GROUP BY datediff(month,0,SomeDate)
Ah -- now here's an abstract one. This formula just returns the "month offset from the base date", or the number number of months between the "base date" of 0 and the transaction's date, as an integer. If you look at the values returned, they will just be numbers that don't have any meaning. But if you group and sort on these numbers, you will be grouping and sorting by month. At the end of the day, if you take this month offset and add it to the "base date" of 0, you'll get back a DATETIME value as of the first day of the corresponding month.
For example:
SELECT dateadd(month, x.MonthOffset,0) as [Month], SUM(x.val) as Total
FROM
(
SELECT datediff(month,0, trans.trandate) as MonthOffset, trans.val
FROM trans
) x
GROUP BY MonthOffset
ORDER BY MonthOffset
Notice that we are grouping and ordering by our
MonthOffset calculation, but in the end we simply add that offset to the "base date" of 0 to get the actual DATETIME value of the first day of the corresponding month.
This technique is actually very fast and efficient, and works well if you need to join multiple derived tables that have all been summarized by month, since you are just joining on integers.
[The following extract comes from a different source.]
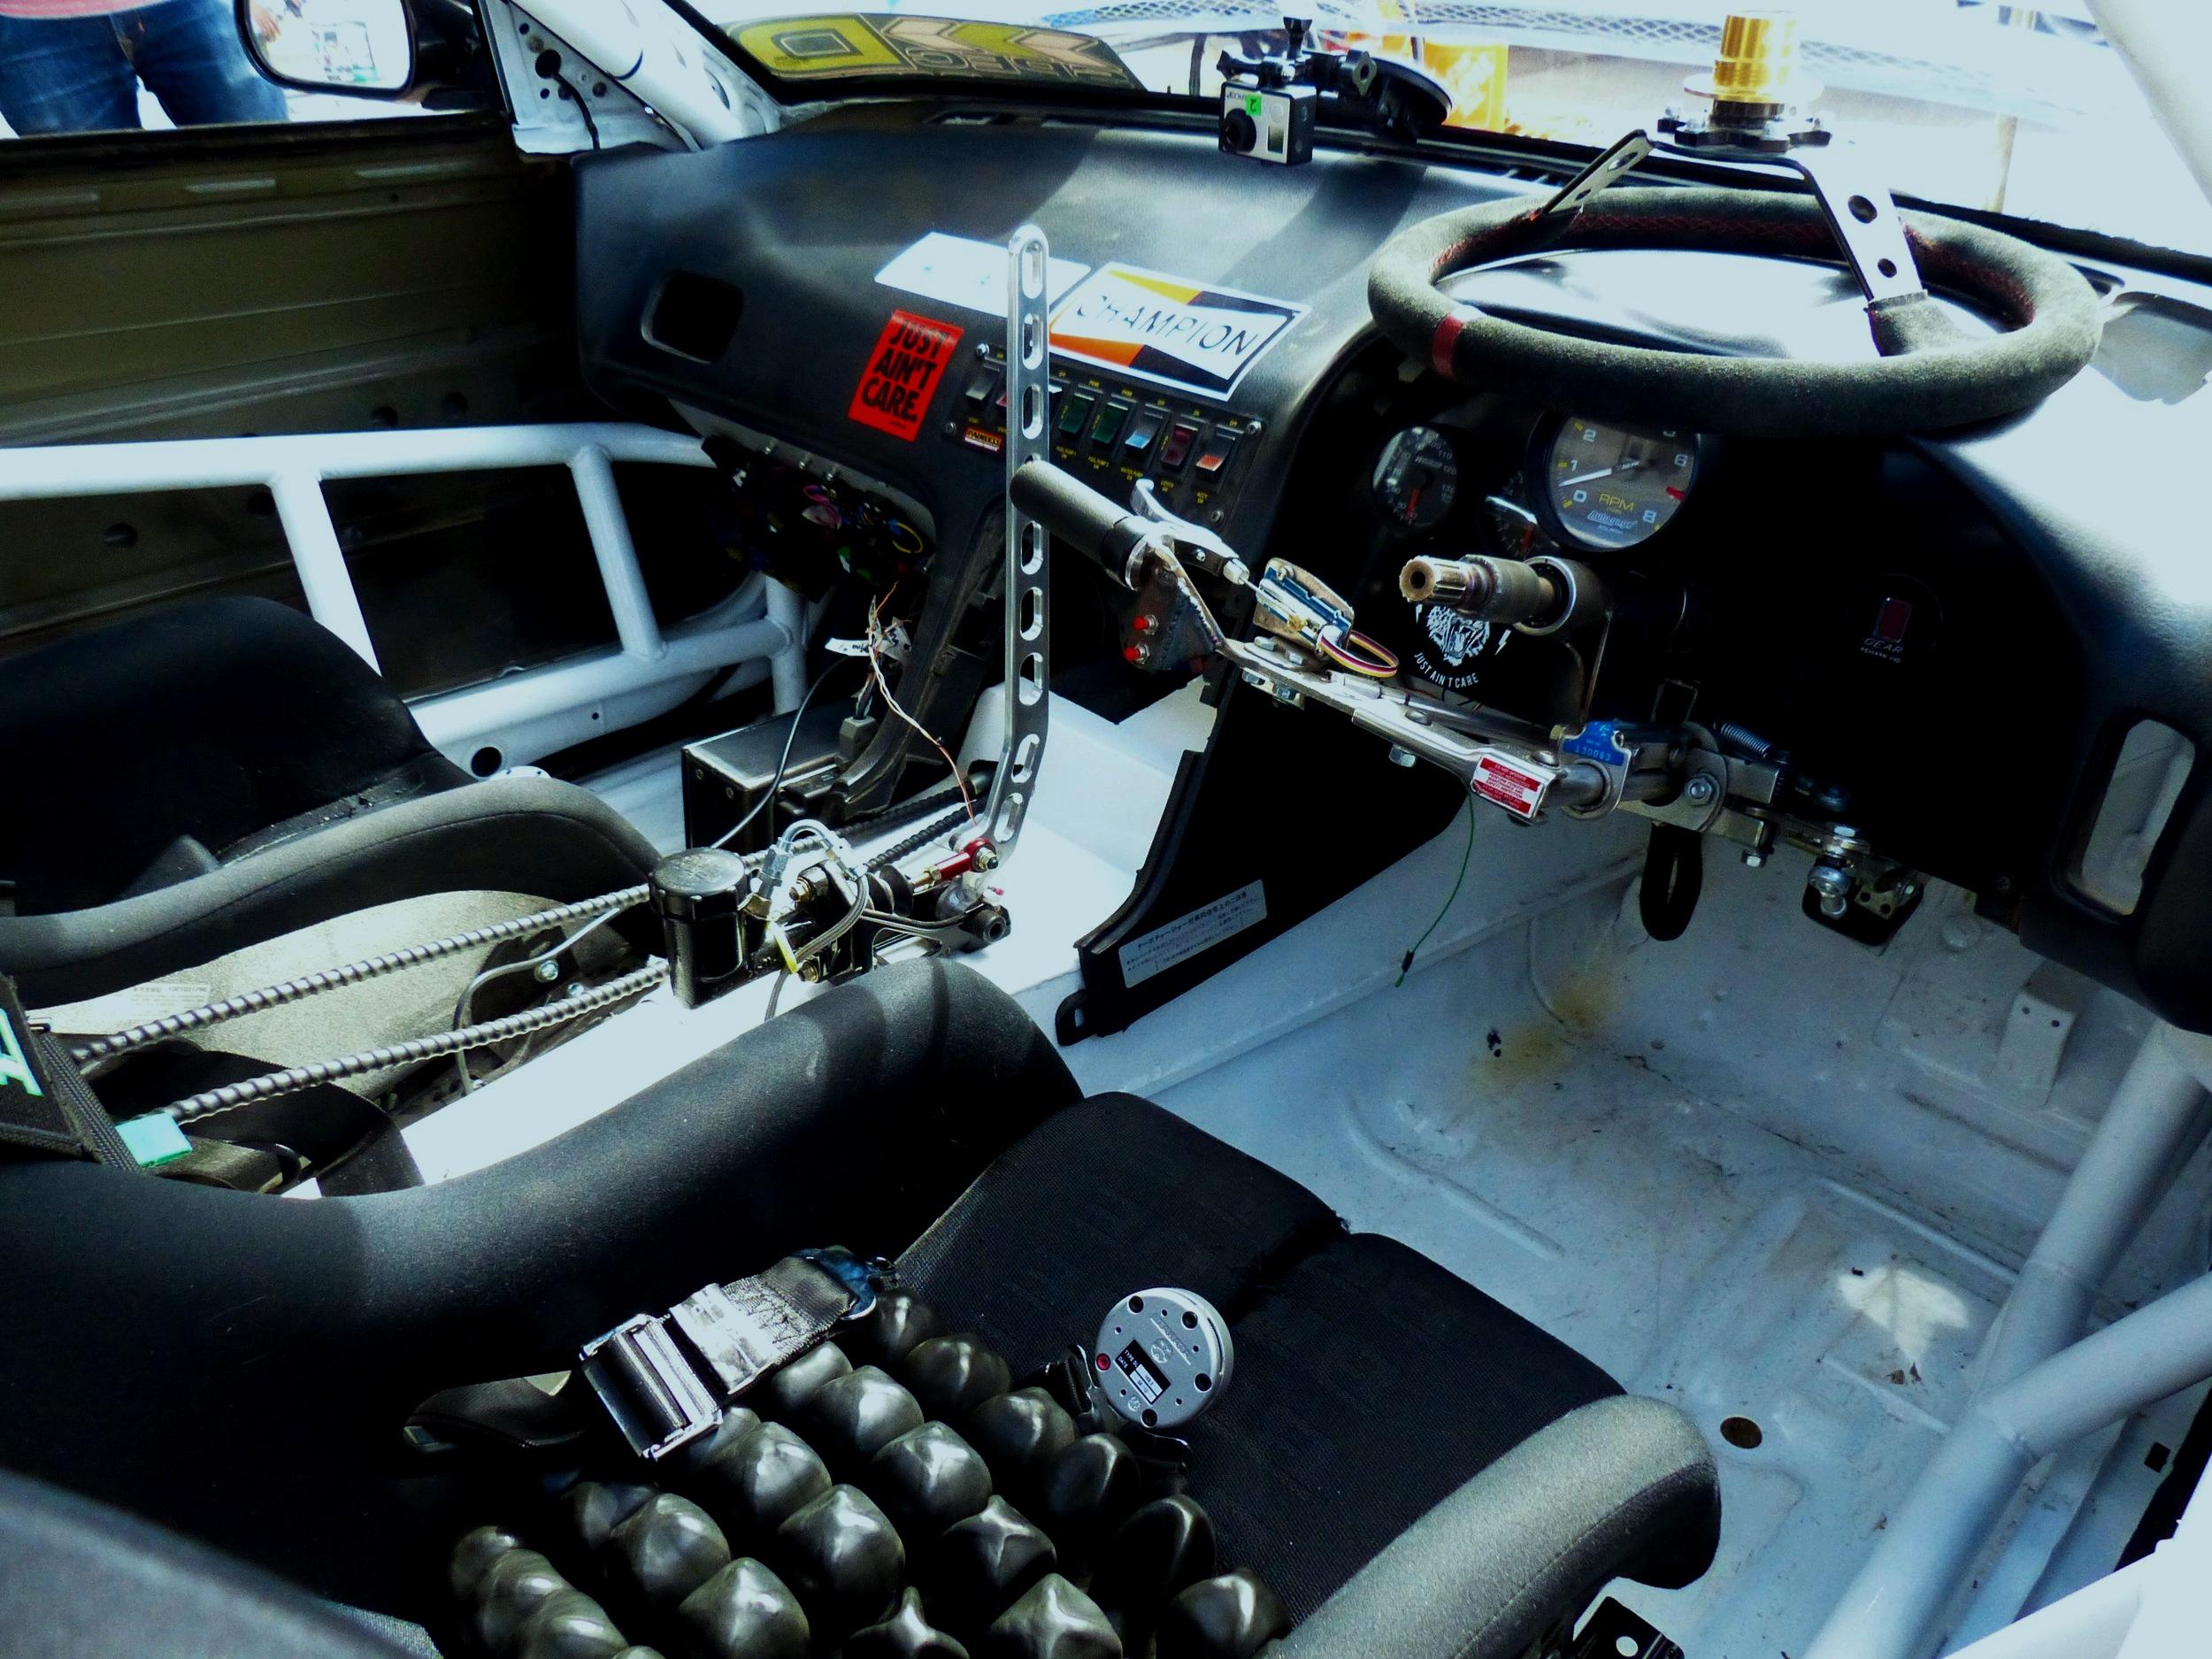 CONTROL SYSTEM - ◘ CS Foundation Custom Hand Control System◘ Racepak Dash◘ Enfield Pneumatic Clutch◘ Enfield Pneumatic Shifter◘ Haltech 2500 Elite ECU◘ Hydraulic Hand Brake [Auto-Disengage Clutch]◘ NRG Steering Wheel

But, it can be tricky to work with since it is pretty abstract. If none of this makes sense, don't worry -- just avoid this technique unless you feel it will be useful for you.
Grouping by Other Time Periods
Grouping on Years, Weeks or Quarters follows the same basic idea: simply "round" your DateTime to the resolution that you need, and group on either the resulting DateTime value or by the number of units since the base date. For example, to group by quarter, you can write:
GROUP BY dateadd(quarter, datediff(quarter, 0, SomeDate),0)
That returns the starting date of each quarter; for example, 10/12/2007 will return 9/1/2007. To get the ending date of the quarter, you can use:
dateadd(quarter, datediff(quarter, 0, SomeDate) + 1, 0) -1
As with months, you could just group on the number of quarters since the "base date" as well:
GROUP BY datediff(quarter,0,SomeDate)
Overall, the exact same concepts apply.
Summary
The method to choose for any situation ultimately depends on what you need, but remember: Keep it short and simple in T-SQL, and always do all of your formatting at your presentation layer where it belongs.